The 28th edition of the Conference of the Parties (COP) is underway in Dubai. COPs result in a torrent of self-congratulatory words but often fail to unleash concrete actions that accelerate climate investments in the Global South, which is home to over 80% of the world's population, including those most vulnerable to climate change. What can we expect from Dubai's COP28?
Three major issues are at the centre stage of COP28 deliberations: the conclusion of the Global Stock Take (GST), the operationalisation of the Loss & Damage Fund, and the bolstering of carbon markets.
Global Stocktake (GST)
GST was a key part of the Paris Agreement machinery and is at the heart of a five-year "ambition cycle", which consists of reviewing country pledges for climate action, a global assessment of progress, and renewed bottom-up Nationally Determined Contributions (NDCs).
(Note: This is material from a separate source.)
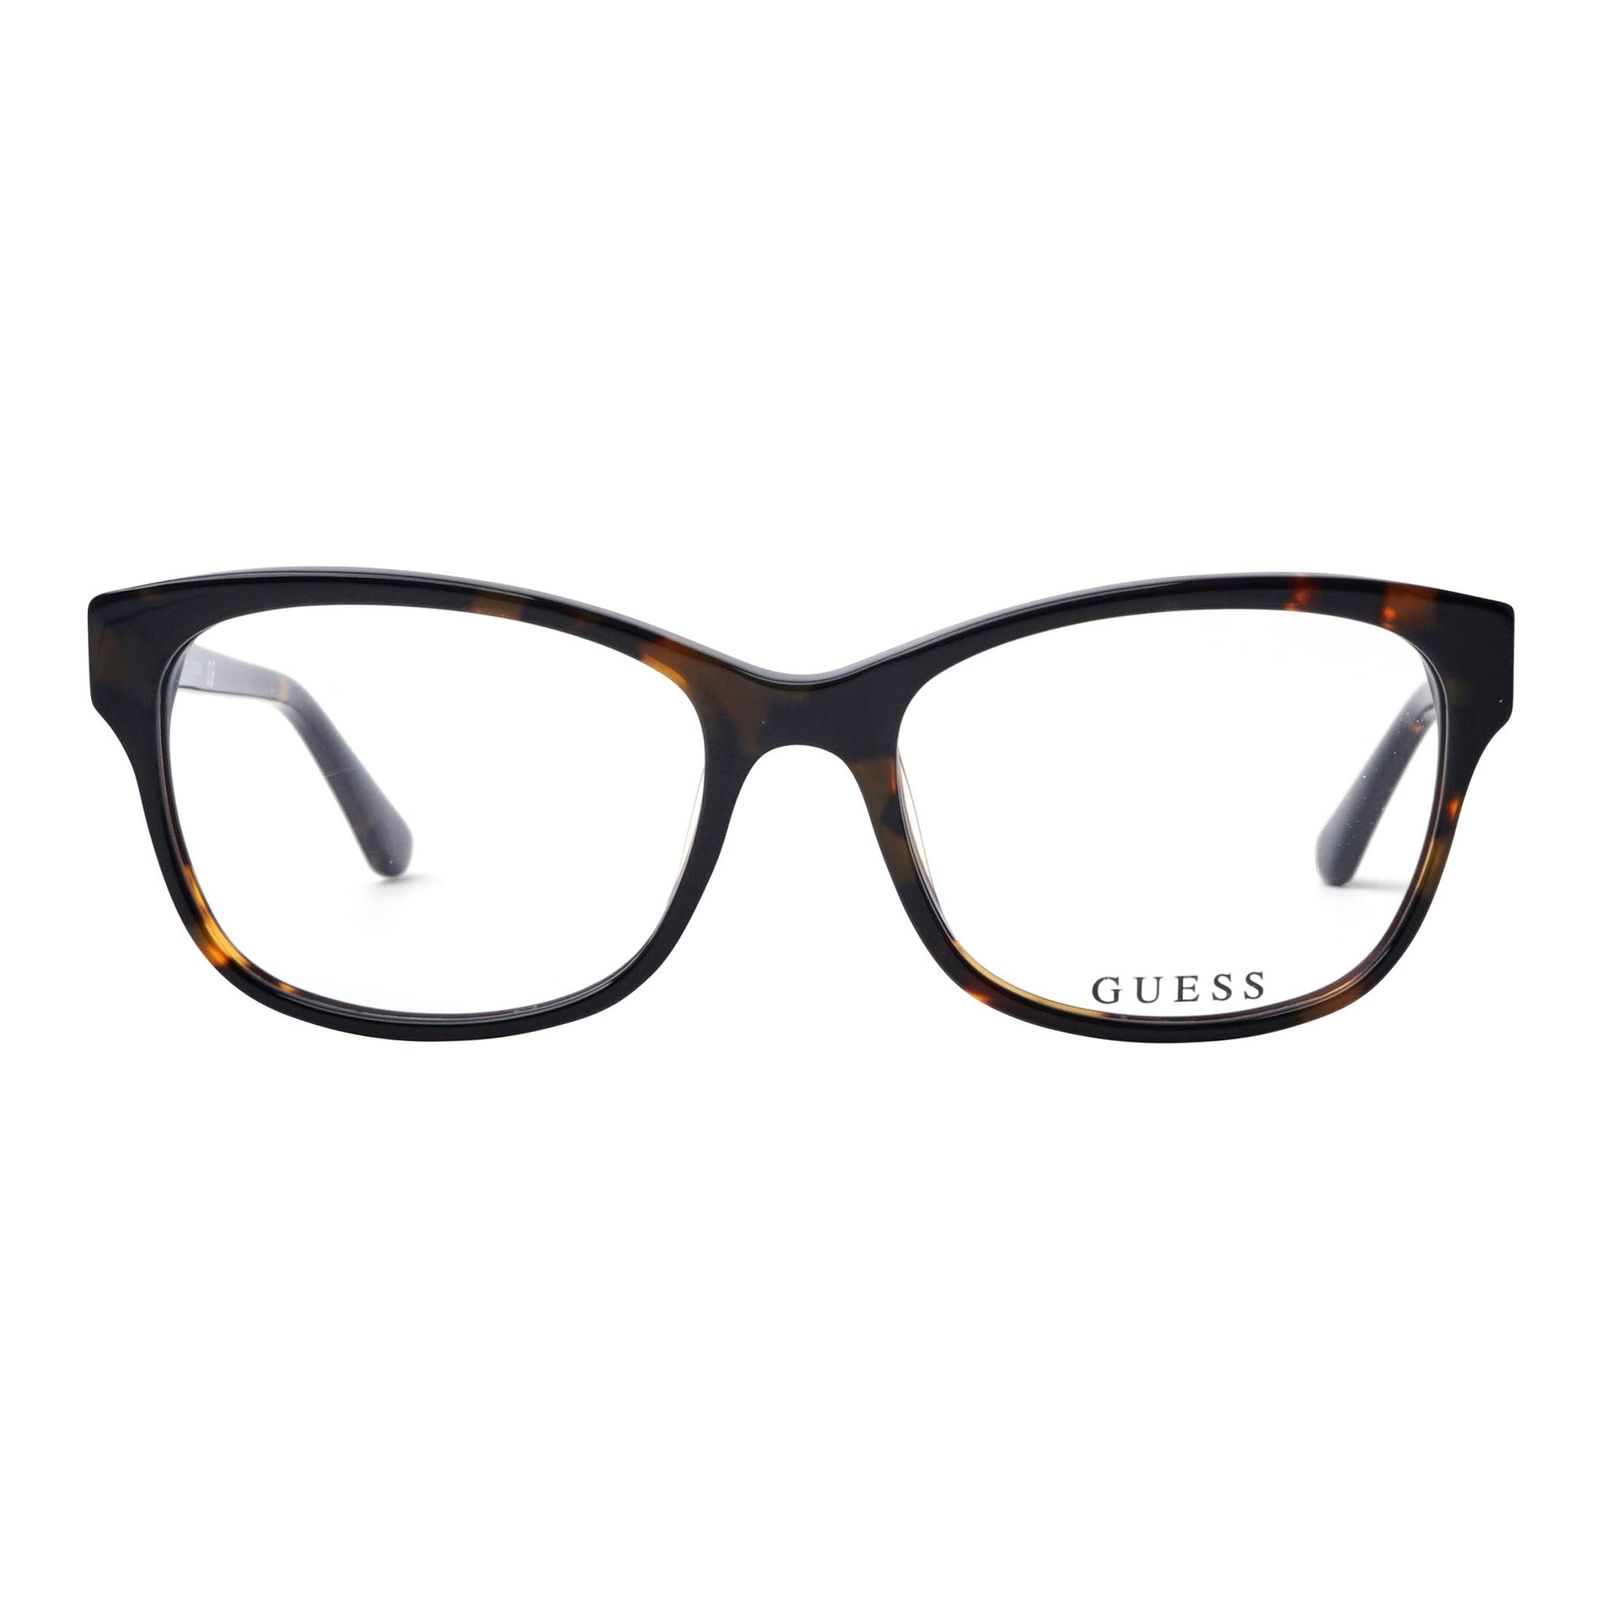 فریم عینک طبی زنانه گس مدل GU249605254 -  - 2
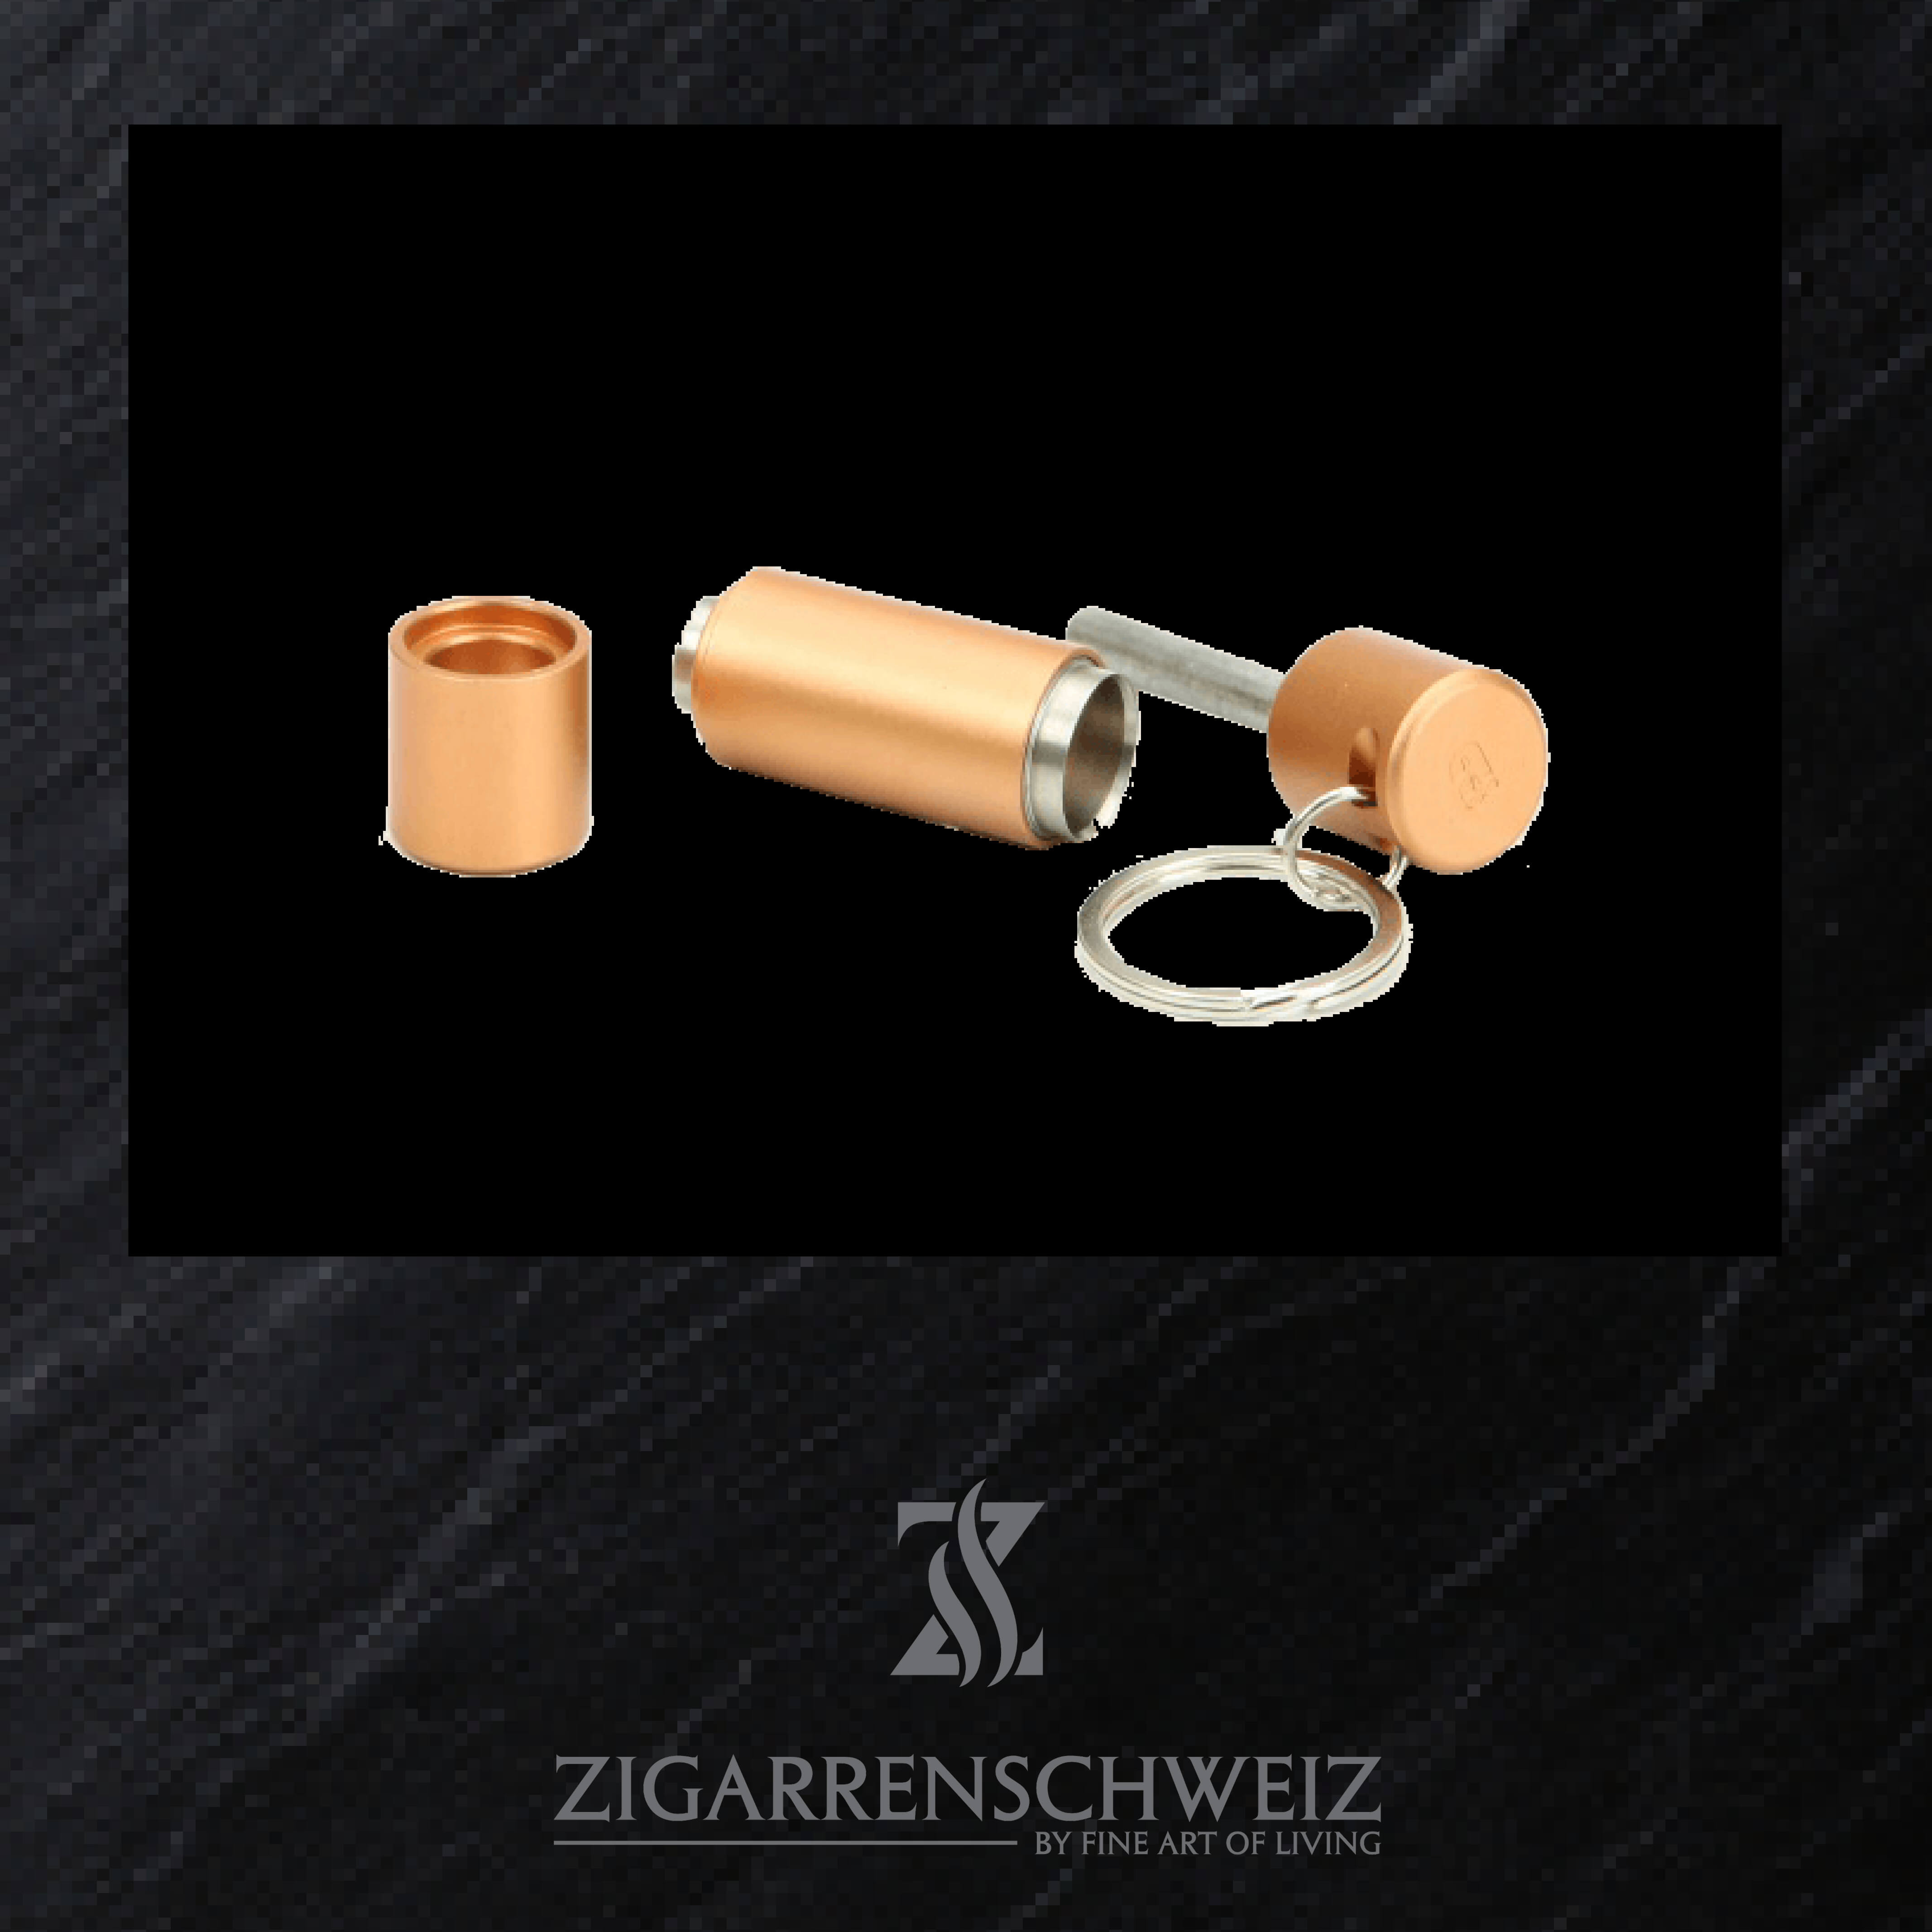 adorini Doppel Zigarrenbohrer (Puncher), Solingerklingen; Farbe: Kupfer

By assessing aggregate progress in mitigation, adaptation, and support mechanisms of technology transfer and finance, the GST is meant to drive the ratcheting up of country pledges.
Developing and least-developed countries of the Global South argue that the GST must look at past efforts and bring accountability for the failure of many developed countries in the Global North to do what they argue is consistent with equity. Industrialised countries argue that emerging economies will account for the bulk of future carbon emissions, and the GST should focus on limiting emissions going forward. The outcome of this negotiation in COP28 will shape whether the disproportionate responsibility of developed countries for emissions is adequately reflected in future benchmarks for climate investments in the Global South.
Loss & Damage Fund
Financing of loss and damage normally refers to the destructive impacts of climate change that cannot be or have not been avoided by what is known as "mitigation" or "adaptation". COP28 is an opportunity to set a unified fund with consistent targets for enhancing the resilience and adaptive capacity of the Global South. As with other issues, the question of "who pays" is also likely to be prominent in COP28. Since the last COP, a fragile consensus was won on several thorny issues, including who will pay into the fund -- developed countries are "urged" and developing countries are "encouraged"; and who will receive -- the vaguely worded "particularly vulnerable" countries. Perhaps most contentious, the World Bank was agreed as an interim host of the fund, but under strict governance guidelines to provide a greater say for recipient countries in the Global South. Whether this consensus holds or unravels will be a key issue for COP28.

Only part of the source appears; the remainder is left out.